To get around these issues, DB2 uses a mechanism known as a savepoint to allow an application to break the work being performed by a single large transaction into one or more subsets. By using savepoints, an application avoids the exposure to "dirty data" that might occur when multiple commits are performed, yet it provides granular control over an operation-you can use as many savepoints as you want within a single transaction as long as the savepoints used are not nested.

Savepoints are created by executing the SAVEPOINT SQL statement. The basic syntax for this statement is:

 SAVEPOINT [SavepointName] <UNIQUE> ON ROLLBACK RETAIN CURSORS <ON ROLLBACK RETAIN LOCKS>

where:

SavepointName

Identifies the name that is to be assigned to the savepoint to be created.

If the UNIQUE option is specified when the SAVEPOINT statement is executed, the name assigned to the savepoint created will be unique and cannot be reused by the application that created it as long as the savepoint is active.

Thus, if you wanted to create a savepoint named MY_SP, you could do so by executing a SAVEPOINT statement that looks like this:

 SAVEPOINT my_sp ON ROLLBACK RETAIN CURSORS

Once created, a savepoint can be used in conjunction with a special form of the ROLLBACK SQL statement to return a database to the state it was in at the point in time a particular savepoint was created. The syntax for this form of the ROLLBACK statement is:

 ROLLBACK <WORK> TO SAVEPOINT <[SavepointName]>

where:

SavepointName

Identifies the name assigned to the savepoint that indicates the point in time that operations performed against the database are to be rolled back (backed out) to.

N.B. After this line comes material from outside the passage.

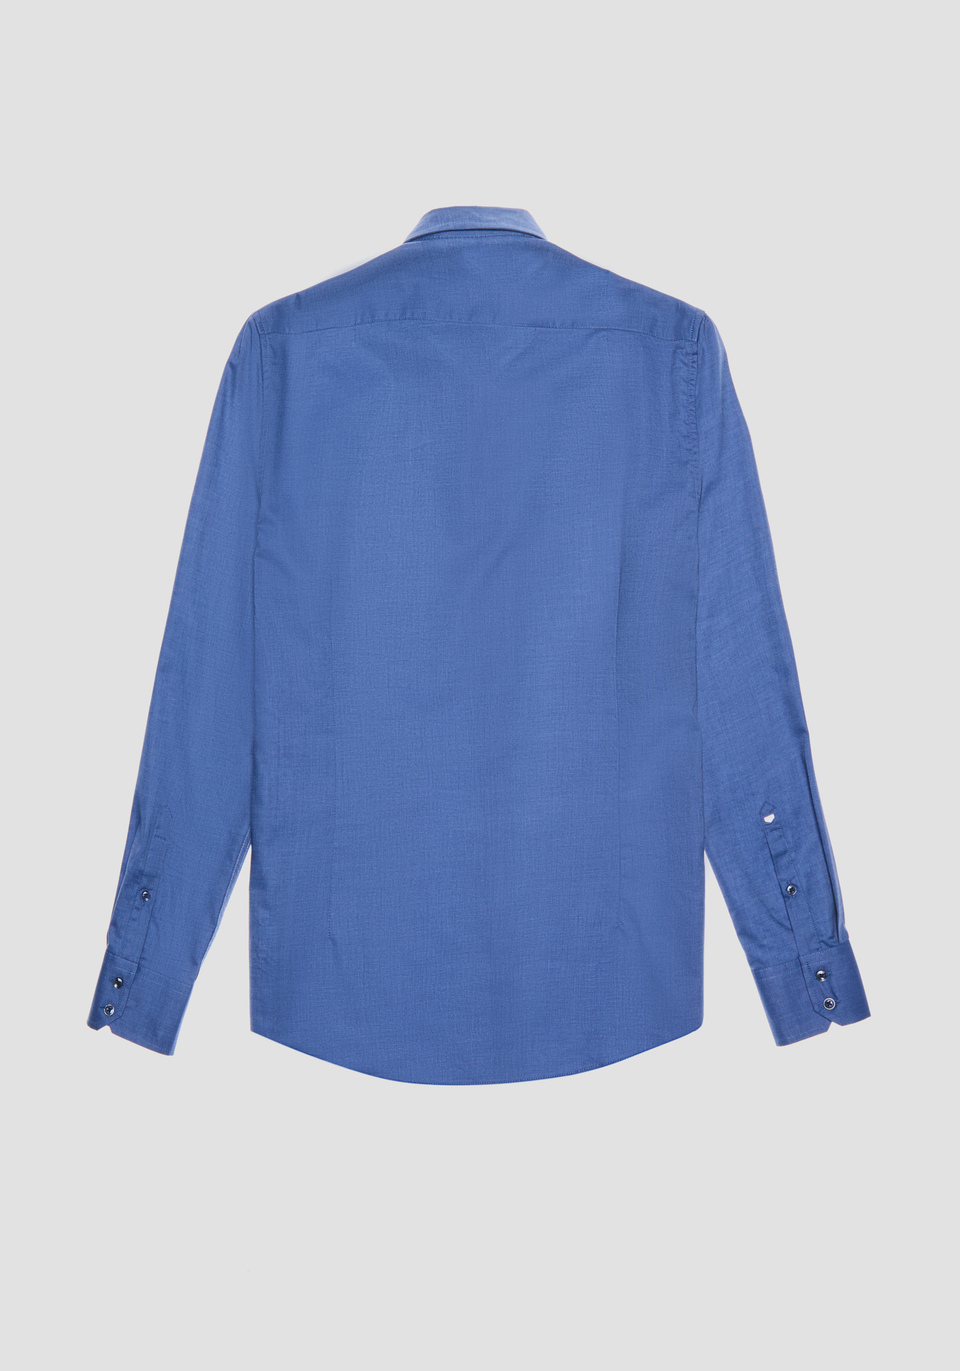 "NAPOLI" SLIM-FIT SHIRT IN EASY-IRON PURE COTTON WITH DENIM EFFECT - Antony Morato Online Shop
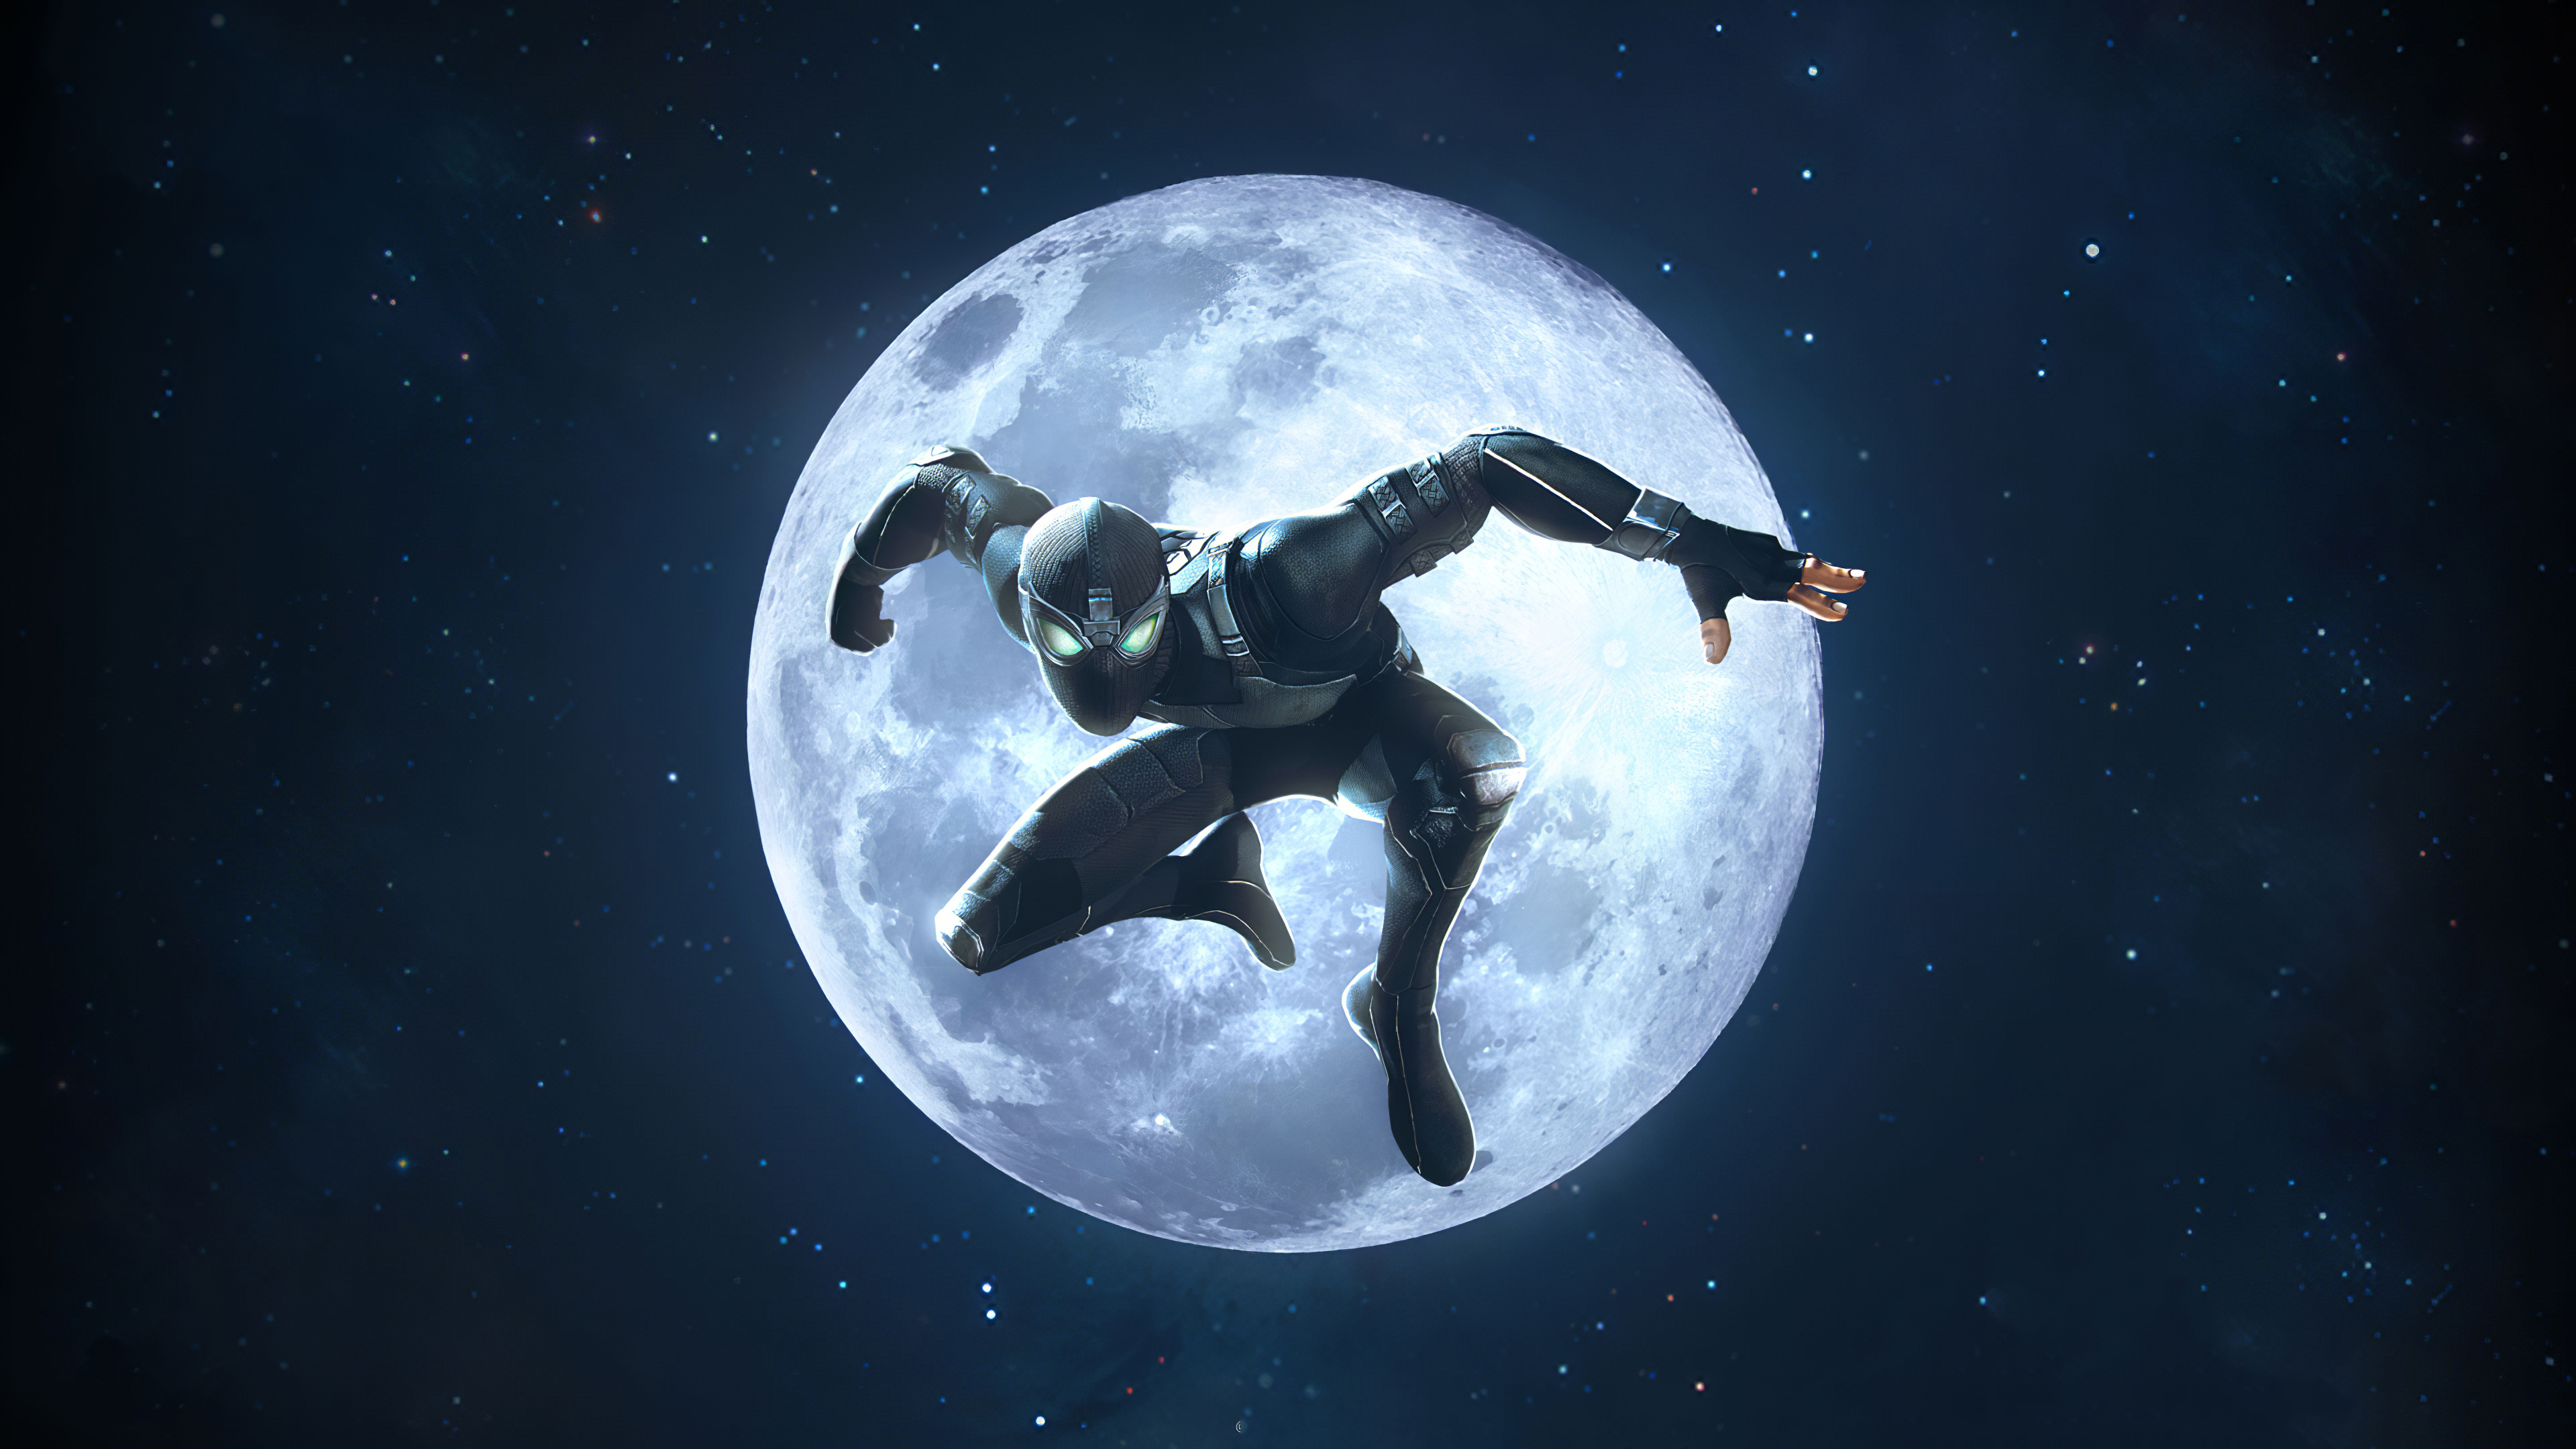 Spider-Man, Night Monkey, Marvel Contest of Champions, Moon in the background, 3840x2160 4K Desktop

When a savepoint is no longer needed, it can be released by executing the RELEASE SAVEPOINT SQL statement. The syntax for this statement is:

 RELEASE <TO> SAVEPOINT <[SavepointName]>

where:

SavepointName

Identifies the name assigned to the savepoint that is to be released.

Thus, suppose a table named EMPLOYEES has the following characteristics:

Open table as spreadsheet

Column Name	Data Type
EMPID	INTEGER
NAME	CHAR(20)
AGE	INTEGER

Now, suppose it was populated as follows:

Open table as spreadsheet

EMPID	NAME	AGE
1	MICK JAGGER	63
2	KEITH RICHARDS	63
3	RONNIE WOOD	59
4	CHARLIE WATTS	65

If the following sequence of SQL operations were to be performed within a single transaction, in the order shown:

 UPDATE employees SET empid = 3 WHERE empid = 2; SAVEPOINT s1 ON ROLLBACK RETAIN CURSORS; UPDATE employees SET empid = 5 WHERE empid = 3; SAVEPOINT s2 ON ROLLBACK RETAIN CURSORS; INSERT INTO employees VALUES (6, 'BILL WYMAN', 70); ROLLBACK TO SAVEPOINT s1; UPDATE employees SET empid = 2 WHERE empid = 4;

Then the records stored in the EMPLOYEES table would look like this:

Open table as spreadsheet

EMPID	NAME	AGE
1	MICK JAGGER	63
2	KEITH RICHARDS	63
3	RONNIE WOOD	59
4	CHARLIE WATTS	65

In this example, only the effects of the first and last update operation were retained; all other changes were removed when the ROLLBACK TO SAVEPOINT SQL statement was executed.

Once a savepoint is created, all subsequent SQL statements executed are associated with that savepoint until it is released - either explicitly by calling the RELEASE SAVEPOINT statement or implicitly by ending the transaction or unit of work that the savepoint was created in. In addition, when you issue a ROLLBACK TO SAVEPOINT SQL statement, the corresponding savepoint is not automatically released as soon as the rollback operation is completed. Instead, you can issue multiple ROLLBACK TO SAVEPOINT statements for a given transaction, and each time a ROLLBACK TO SAVEPOINT statement is executed, the database will be returned to the state it was in at the time the savepoint was created. (If multiple savepoints have been created, it is possible to rollback to any savepoint available; you are not required to rollback successively to every savepoint, in the opposite order in which they were created, to return the database to the state it was in when an earlier savepoint was created.)